„Es begab sich aber zu der Zeit“, als Marc Minkowski 2003 nach der Eröffnung des neuen Saales seine Premiere im Konzerthaus Dortmund feierte. Eine Spielzeit ohne ihn ist seitdem fast undenkbar. Gleiches Vermissen befällt den Konzertgänger in der Adventszeit, wenn Bachs Weihnachtsoratorium nicht wenigstens einmal zu Gehör kommt. Beide Institutionen, Minkowski und seine Les Musiciens du Louvre Grenoble sowie der Kantatenreigen von Christi Geburt, wurden nun vereint.
Auch wenn das Oratorium wohl bekannt ist, die One-Voice-Per-Part-Besetzungspraxis und schnelle Tempi weiß Gott nicht neu sind, so darf diese Wiedergabe von vier Teilen (sowie des Eröffnungschores des fünften Teils an der halsbrecherischen Grenze zur Spiel- und Singbarkeit als Zugabe), ohne abgedroschen zu klingen, bisher ungehört gewesen sein. Minkowski nahm sich nämlich ganz streng die Orchestermusik zur Grundlage, die seine Louvristen so energisch und muskulös, sinfonisch und theatralisch anstimmten, dass einem die Freude, die die sieben Solisten und vier integrierten Chor-Ripienisten trotz Heraushörens Lenneke Ruitens Soprans erstaunlich ausgewogen und homogen aufzwangen. Die knallenden Paukenschläge, die Trompeten und die hinter dem mittigen Chorensemble späherisch postierten Kontrabässe, Traversflöten und Oboen trübten im „Jauchzet, frohlocket“ noch nicht einmal die Balance, im Gegenteil, die kleinen Verzierungen sprudelten heraus, obwohl stetes Forte verlangt wurde.

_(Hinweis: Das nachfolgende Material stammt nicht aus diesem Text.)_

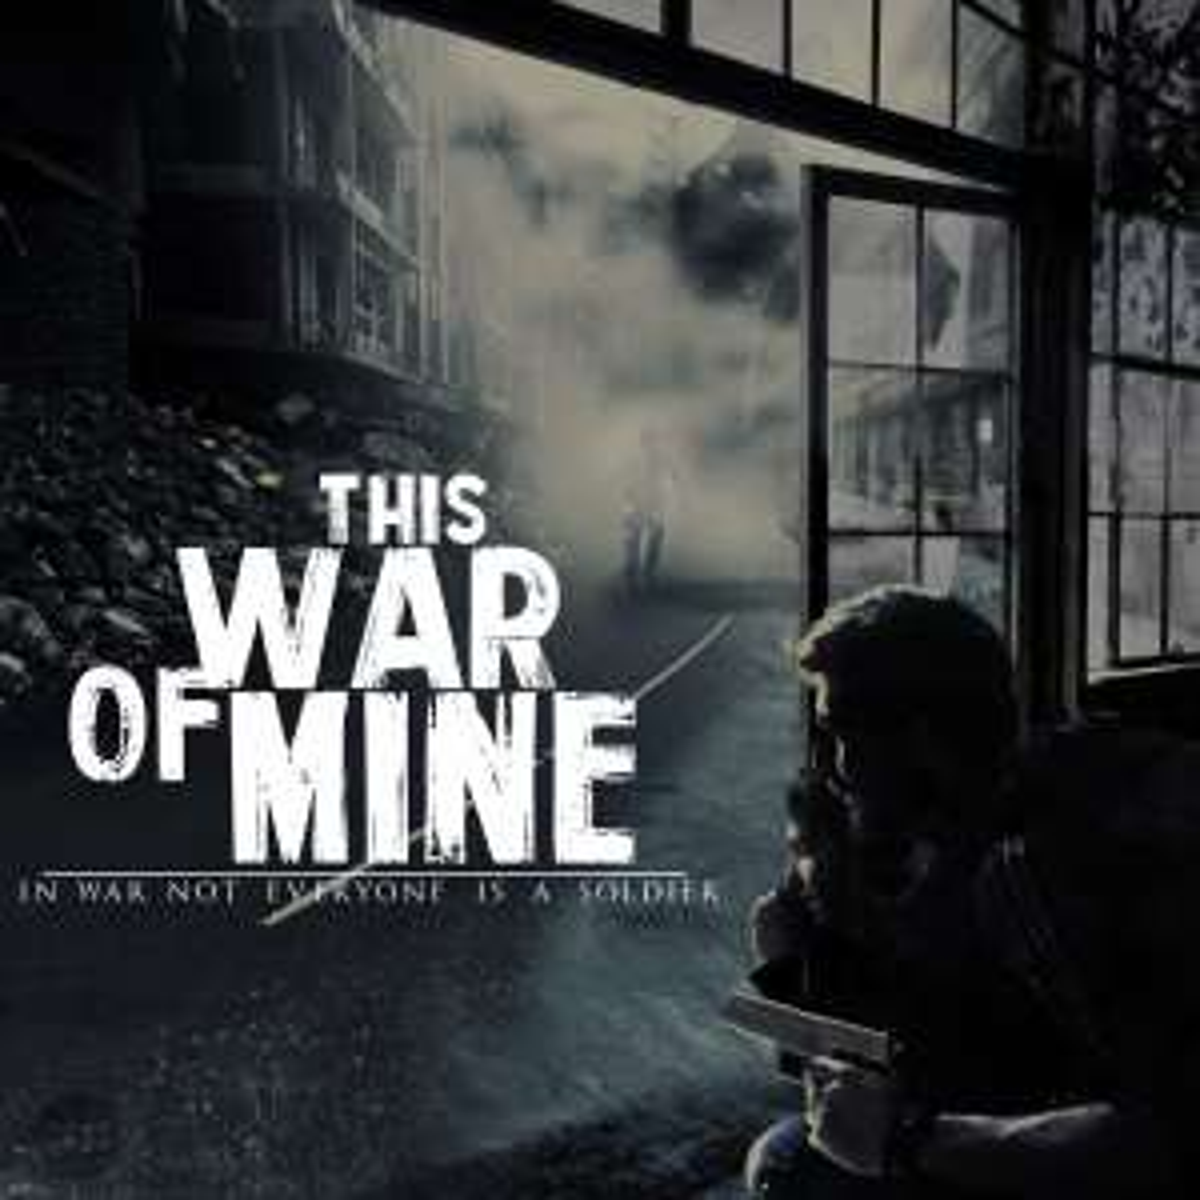 This War of Mine - IOS, App Store, iTunes: £1.99
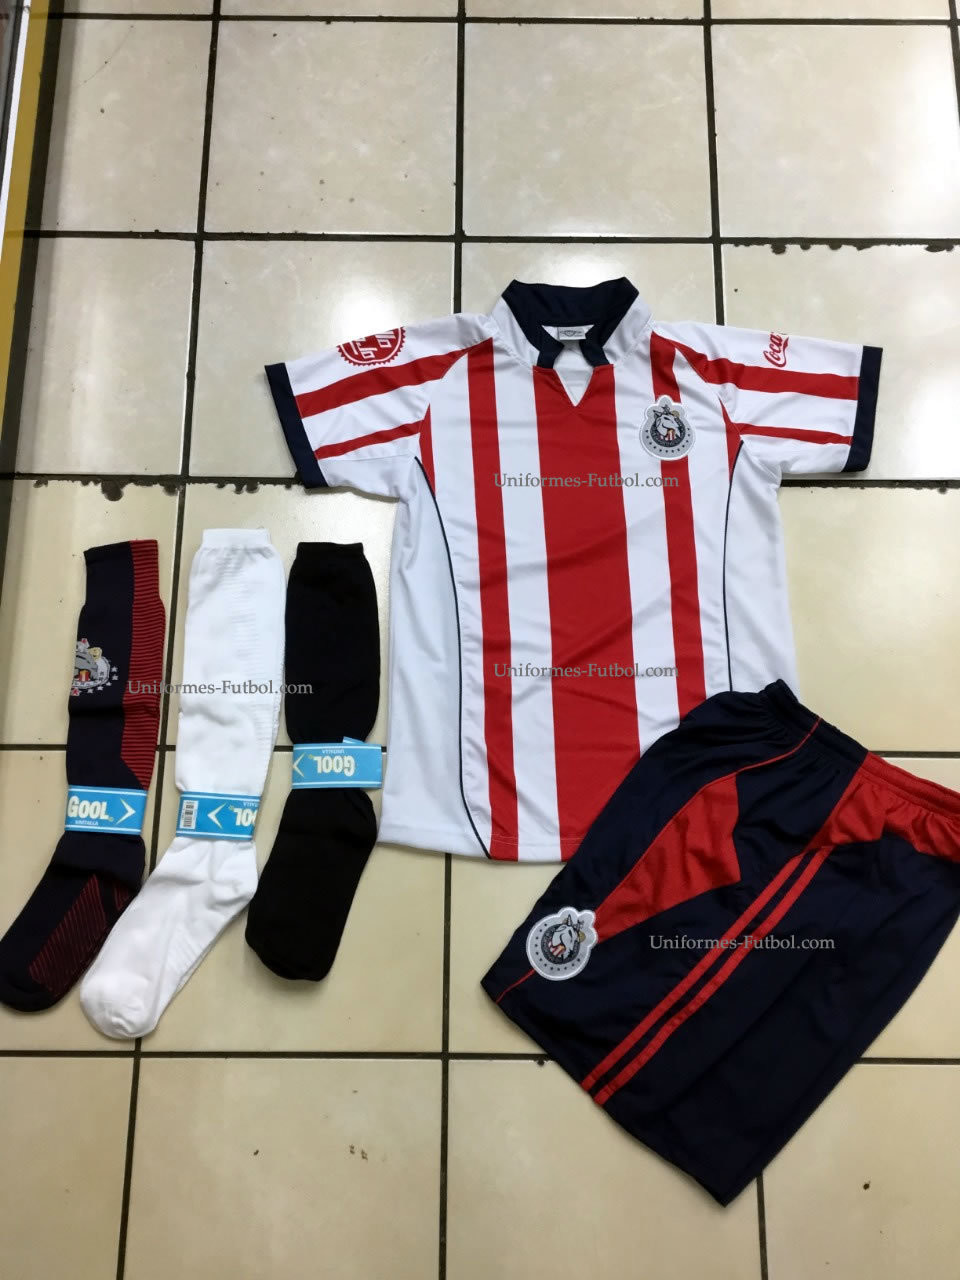 Uniforme de Futbol  Local Chivas

Natürlich fielen dadurch die mäßigenden Kontrasteinschübe immer besonders auf, wie gleich das feinere „Dienet dem Höchsten“ der Anfangs, nachdem Minkowski mit seinen fordernden, frischen und großen Bewegungen die Reprise ganz barockoperntypisch noch steigerte, indem er diesmal dynamische Spielereien und weitere Verzierungen zum Vorschein brachte. Rhythmisch straff, selbstbewusst und ohne viel Schnickschnack ließ er das kernige, warme Orchester samt Solooboe Philipp Mahrenholz' und der in wunderbarer Intonation, Klanglichkeit und klarster Verständigung übermittelnde Countertenor Christopher Ainslie das Ereignis verkünden. Mit Markanz und sprühender Pracht jubillierten in „Großer Herr, o starker König“ zudem der hervorragende Trompeter Emmanuel Mure und Bass-Koloss James Brian Platt, der keine Mühe hatte für zwei zu singen, sowohl weich konnte als auch (mehrheitlich) eine ungehobelte Härte (wie die Krippen) nicht verbergen wollte.
Sanft und glänzend wie der Abschluss-Choral des ersten Teils formten Minkowski und die Musiker in Auszahlung des gewählten und verlässlichen Ansatzes die Pastoral-Sinfonia des zweiten Parts, die dadurch – und in der strengen Antiphonie auch der zwei Oboenpaare – äußerst spannend und fließend geriet, mit Betonung der Harmonien, des sowohl Dunklen und der idyllisch-verträumten Sternenklarheit sowie dem wiegenden Fluss. Paul Schweinester erzählte die Fortsetzung der Weihnachtsgeschichte verständlich, mit lyrischem Einschlag und einer gedämpften Belegung, obwohl gegen eine passendere Dramatik und Leuchtkraft gewiss nichts einzuwenden gewesen wäre. Tenor-Kollege Valerio Contaldo wies mehr Farbigkeit, Leidenschaft und Varianz auf. Sollten in seiner Hirtenarie zwar nicht alle Zweiunddreißigstelfiguren frei von Hakeln herausgehüpft sein, erwies er sich als flinker Bote mit deutlicher Anchor-Qualität.